Word for word, print out all of the data, omitting every image.
Top of Input data
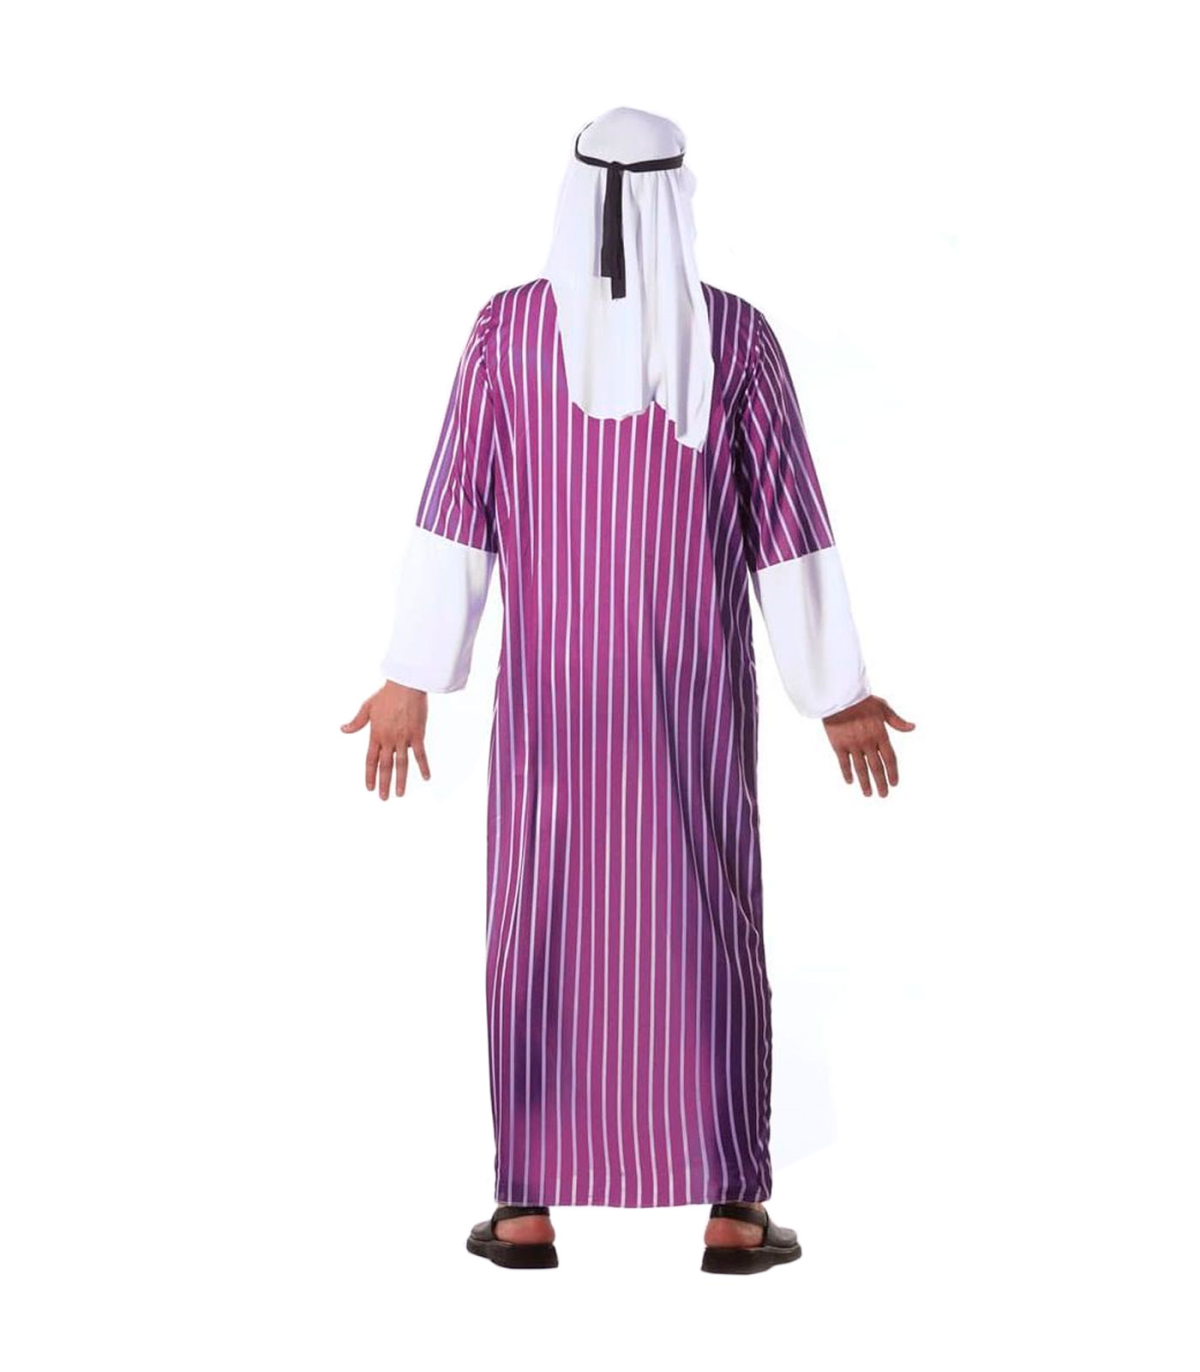 Tradineur - Disfraz de jeque árabe para adulto, 100% poliéster, incluye  tocado y túnica, atuendo de carnaval, Halloween, cosplay
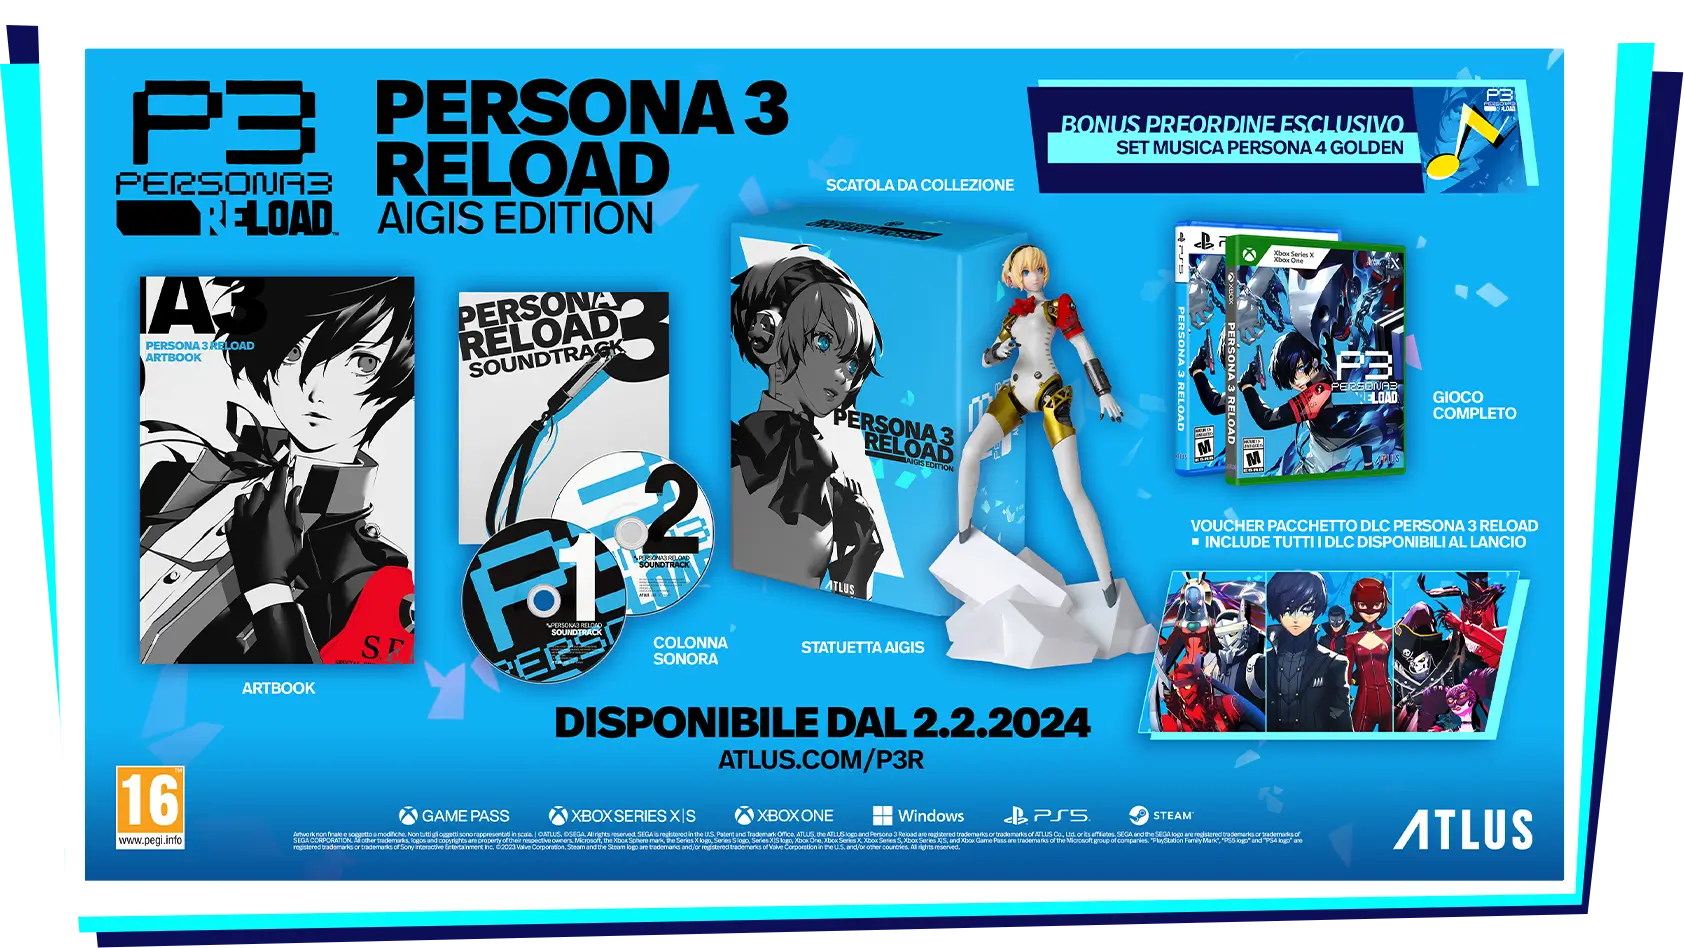 Persona 3 Reload la Aigis Edition è disponibile per la prenotazione.
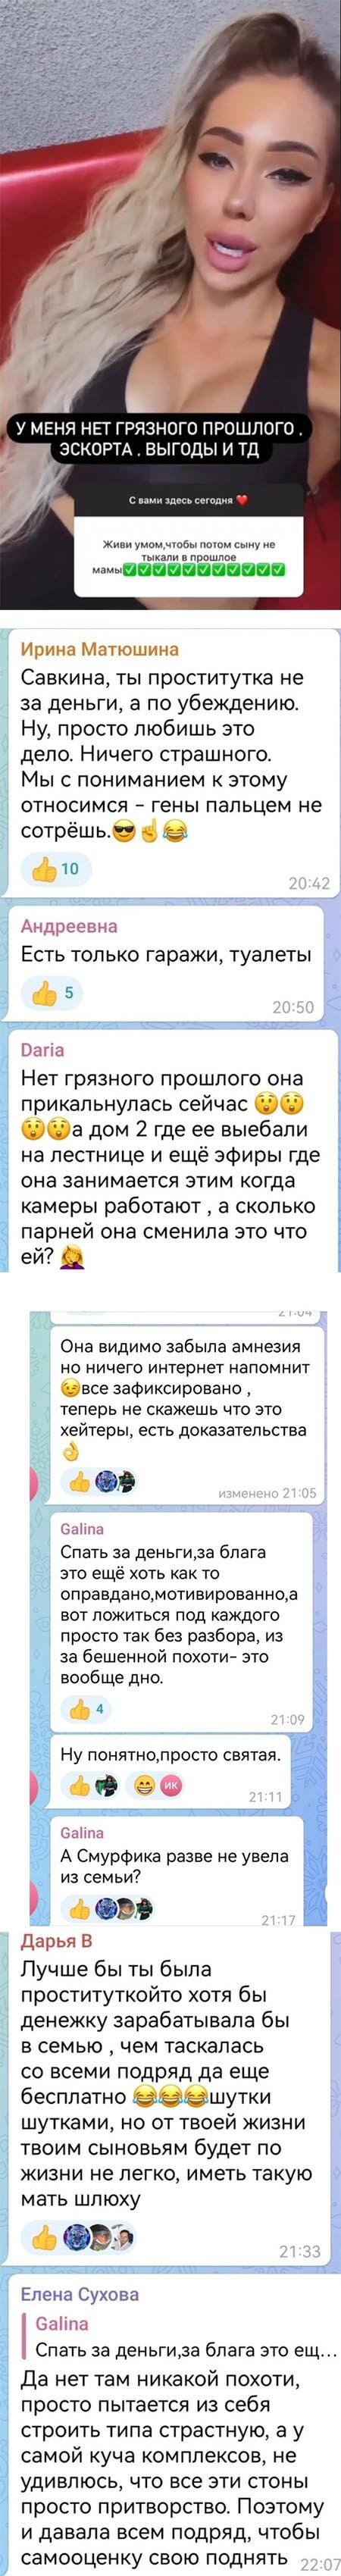 Пост Алены Савкиной вконтакте
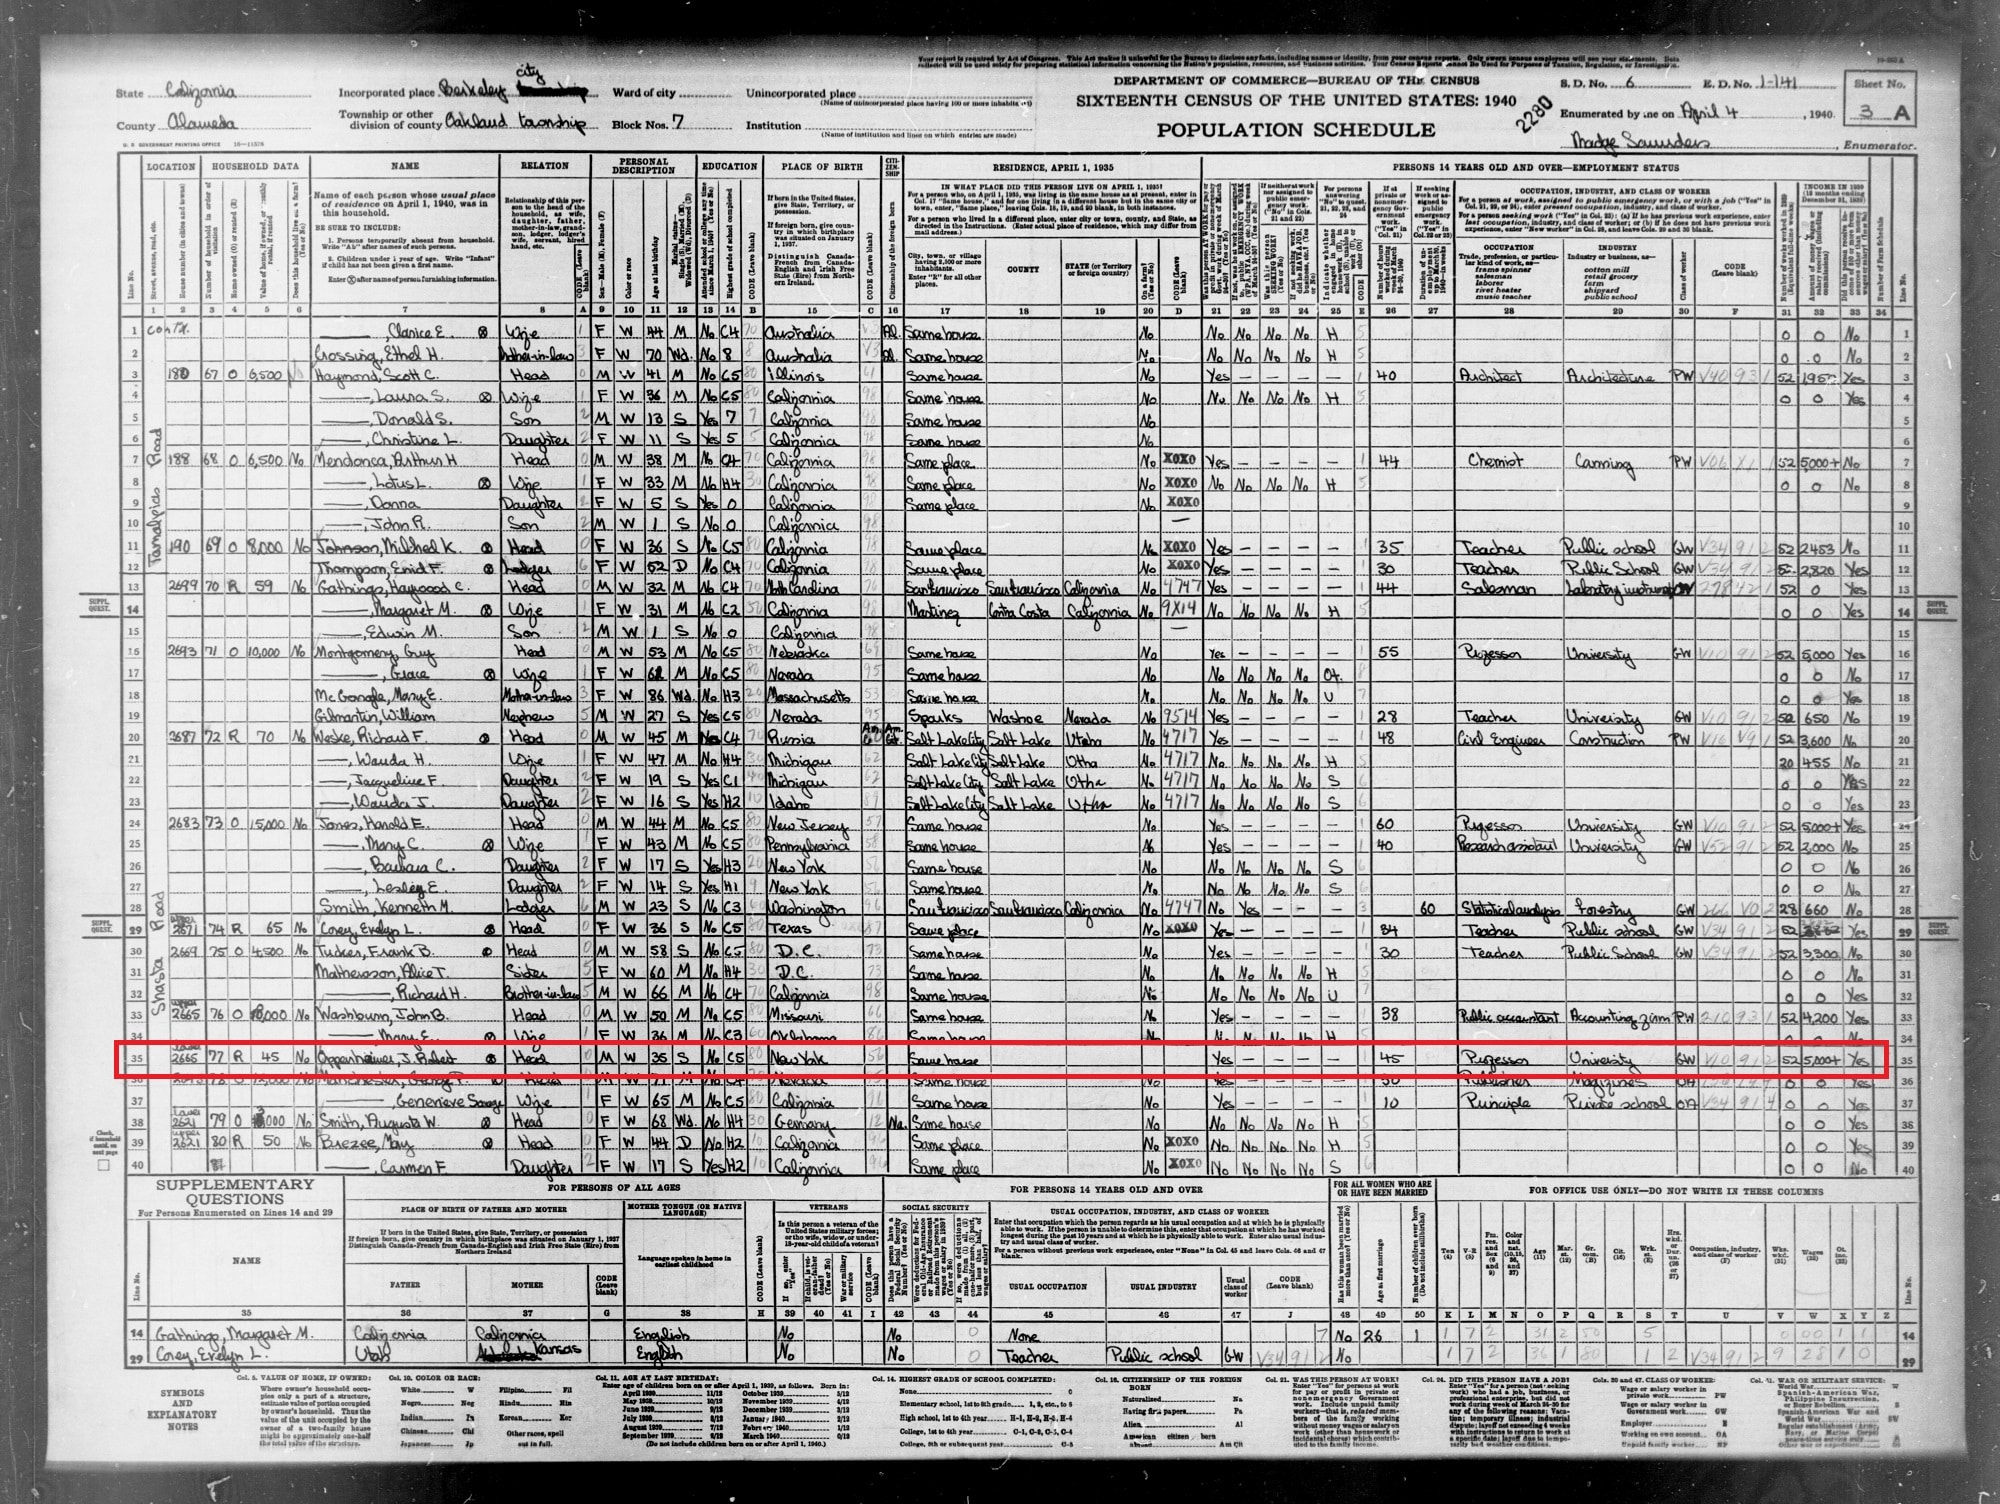 J. Robert Oppenheimer ist in der Volkszählung von 1940 als Universitätsprofessor in Berkeley aufgeführt (zum Vergrößern klicken)
Bottom of Input data
**Solution below**
 Tradineur - Disfraz de jeque árabe para adulto, 100% poliéster, incluye  tocado y túnica, atuendo de carnaval, Halloween, cosplay
 Persona 3 Reload la Aigis Edition è disponibile per la prenotazione.
 Пост Алены Савкиной вконтакте
 J. Robert Oppenheimer ist in der Volkszählung von 1940 als Universitätsprofessor in Berkeley aufgeführt (zum Vergrößern klicken)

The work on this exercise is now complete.